Doctor Constantin Istrati wrote that most of the peasants, ”live in worse conditions than Zulus,” using the parallel with an African population to better capture the scope of the disaster. But in 50 years alone, the perception on peasants and hut dwellers changed, turning from commiseration into superiority complex. Historian Constantin Barbulescu again:



“If we compare the descriptions of the rural habitat in the late 18th Century or early 19th Century with the medical texts of the second half of the 19th Century, the difference is insignificant: the same shabby huts, the same dire poverty. Nevertheless, there is an utterly different interpretation of the two types of texts that are so similar. Dinicu Golescu and most foreign travelers place that type of habitat in the wider context of the ruthless exploitation the peasant was subject to by the authorities of the time. Golescu’s text only expresses sorrow and “enlightened and Christian compassion for the fate of those divine beings”, for peasants that is. But for the doctors in the second half of the century, no longer attached to the Christian faith and being trained in the Western spirit of science and progress, those “divine beings” were mere primitives, whom they can’t help regarding with irony and contempt. The peasants described by Dr. Istrati live in houses which most of the time are dilapidated, primitive and, ”in such conditions that I don’t know if one could say that they have made any progress since pre-historic times”. It was actually an elegant way of saying that peasants themselves live somewhere in the pre-historic times their huts suggested.”

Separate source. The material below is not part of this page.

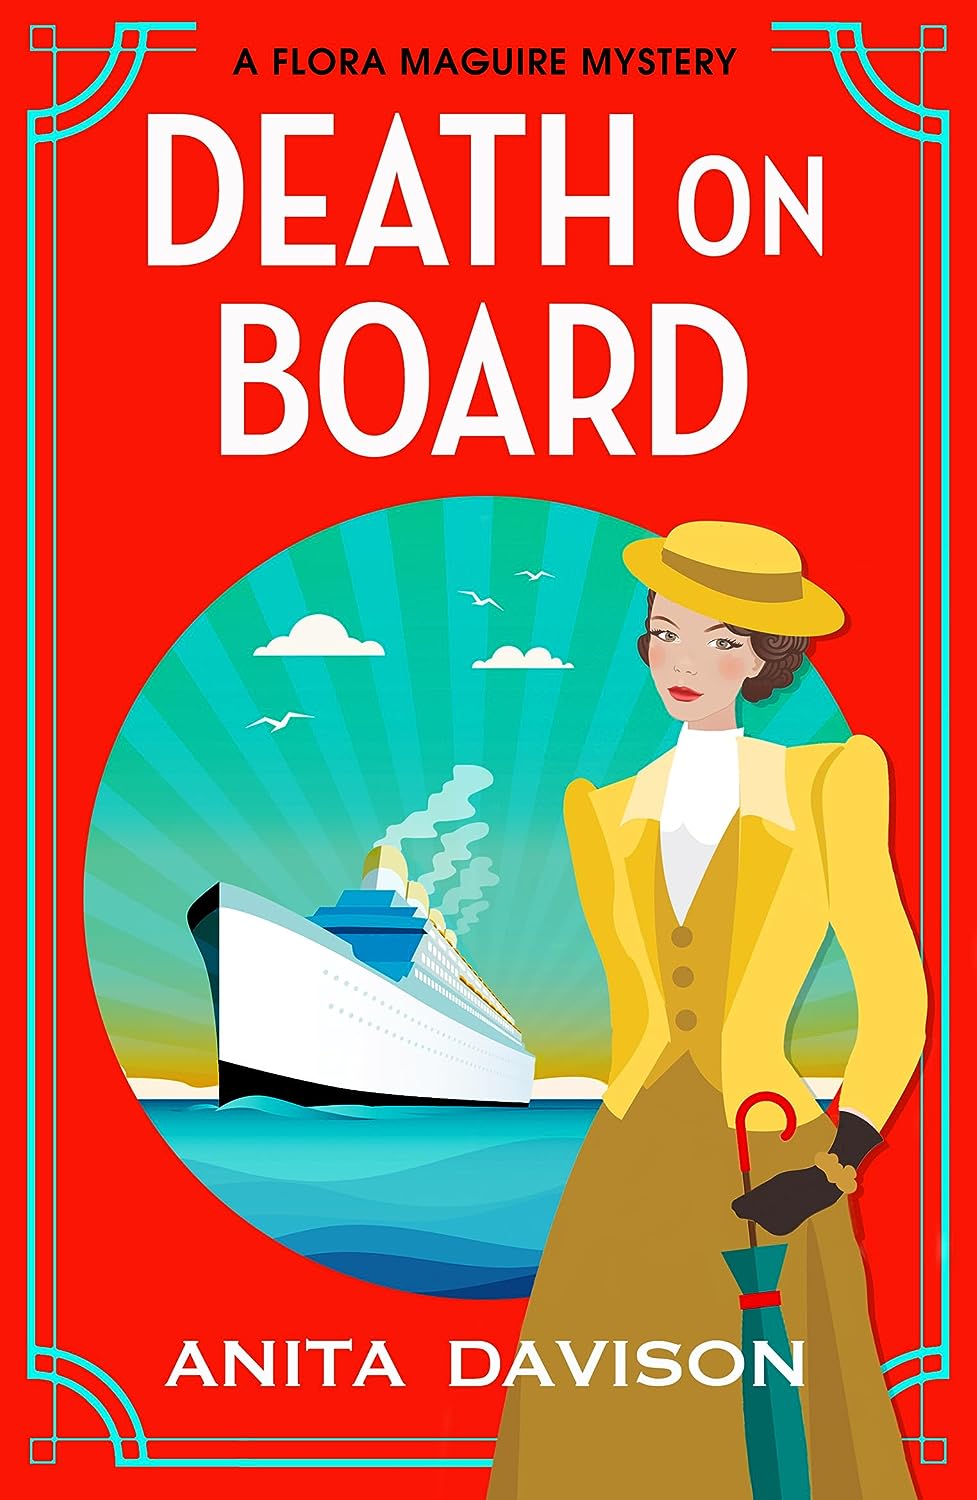 I’m excited to share my review for Death on Board by Anita Davison, the first book in a new cosy historical mystery series #newrelease

For social reformers and doctors, the hut was a stain for 1900 Romania, so town-planning laws and regulations were introduced, to remove that blot. The surface dwelling, which peasants thought to be of lower quality and cheaper than the traditional hut, gained ground not because of the tough legislation, but because it was in fashion at the time. On the eve of World War I, huts had come to account for less than 10% of rural dwellings.